Maps of the Galactic electron-positron annihilation radiation show evidence for three distinct and significant features: (1) a central bulge source, (2) emission in the Galactic plane, and (3) an enhancement of emission at positive latitudes above the Galactic center. In this paper, we explore the possibility that Sgr A East, a very prominent radio structure surrounding the Galactic nucleus, may be a significant contributor to the central bulge feature.
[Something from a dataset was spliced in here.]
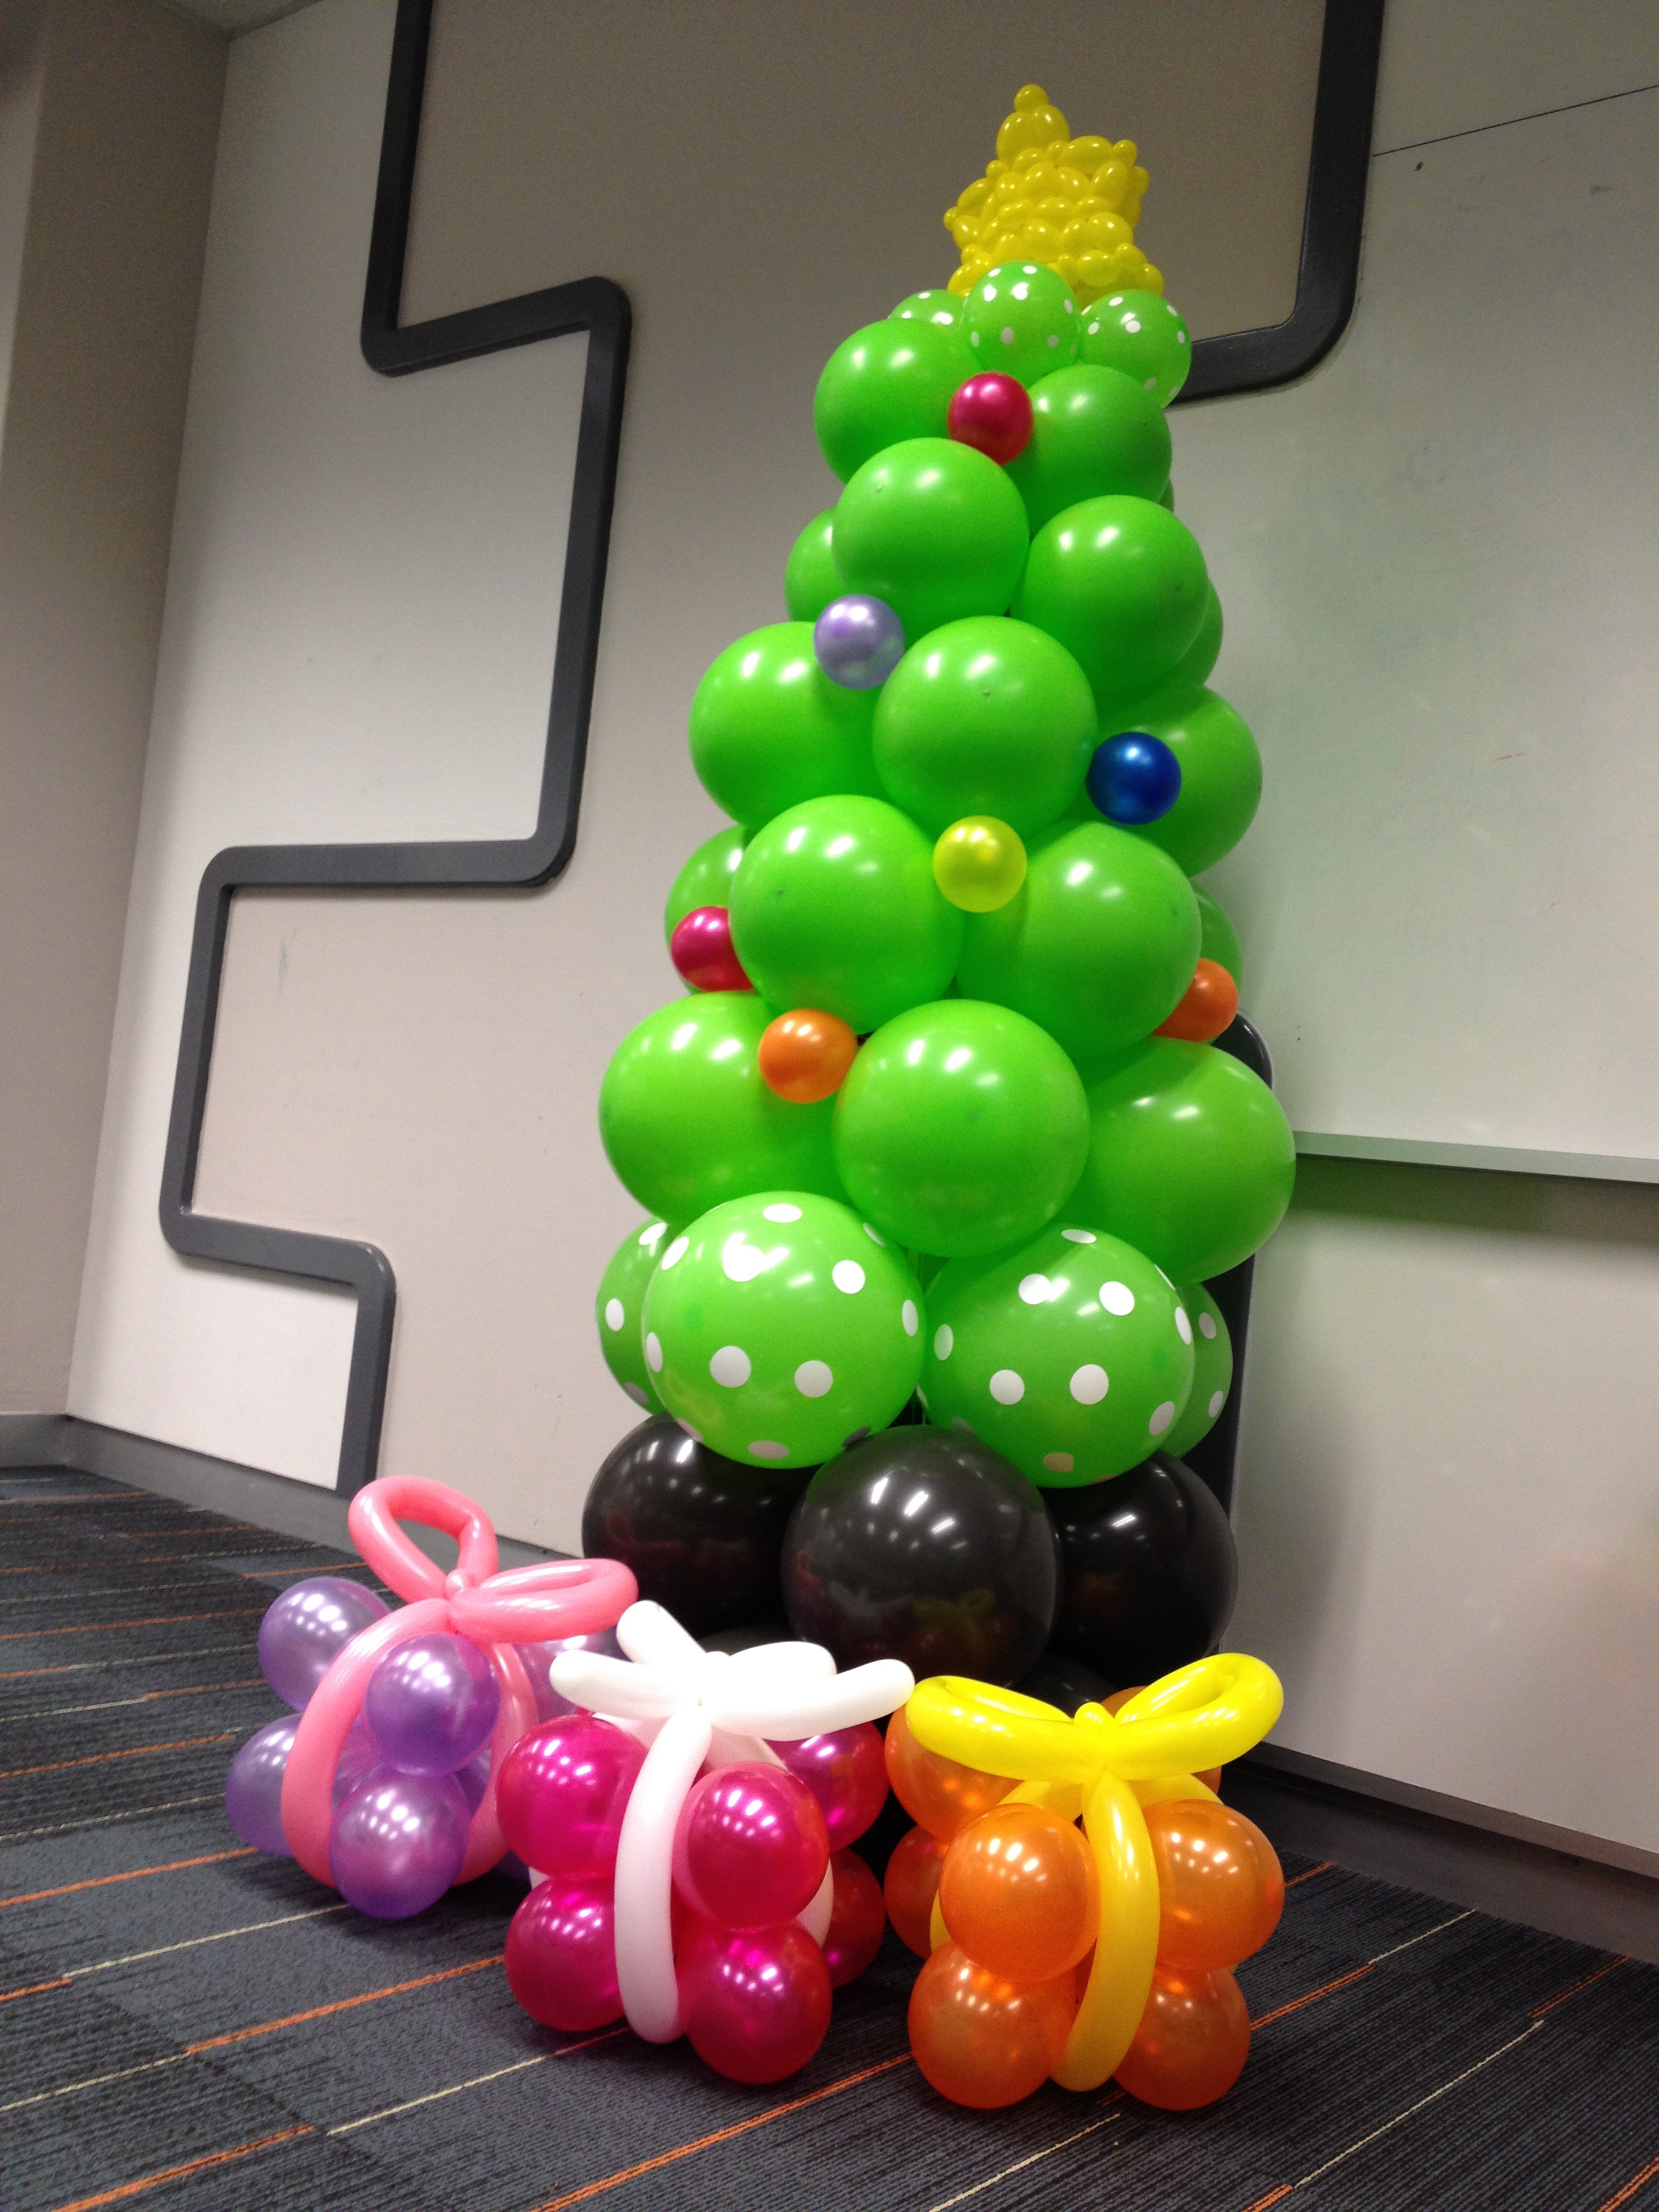 [Bild: Balloon-Christmas-Tree.jpg]

The motivation for doing so stems from a recently proposed link between this radio object and the EGRET γ-ray source 2EG J1746-2852. If this association is correct, then Sgr A East is also expected to be a source of copious positron production. The results presented here show that indeed Sgr A East must have produced a numerically significant population of positrons, but also that most of them have not yet had sufficient time to thermalize and annihilate. As such, Sgr A East by itself does not appear to be the dominant current source of annihilation radiation, but it will be when the positrons have cooled sufficiently and they have become thermalized. This raises the interesting possibility that the bulge component may be a result of the relics of earlier explosive events like the one that produced Sgr A East.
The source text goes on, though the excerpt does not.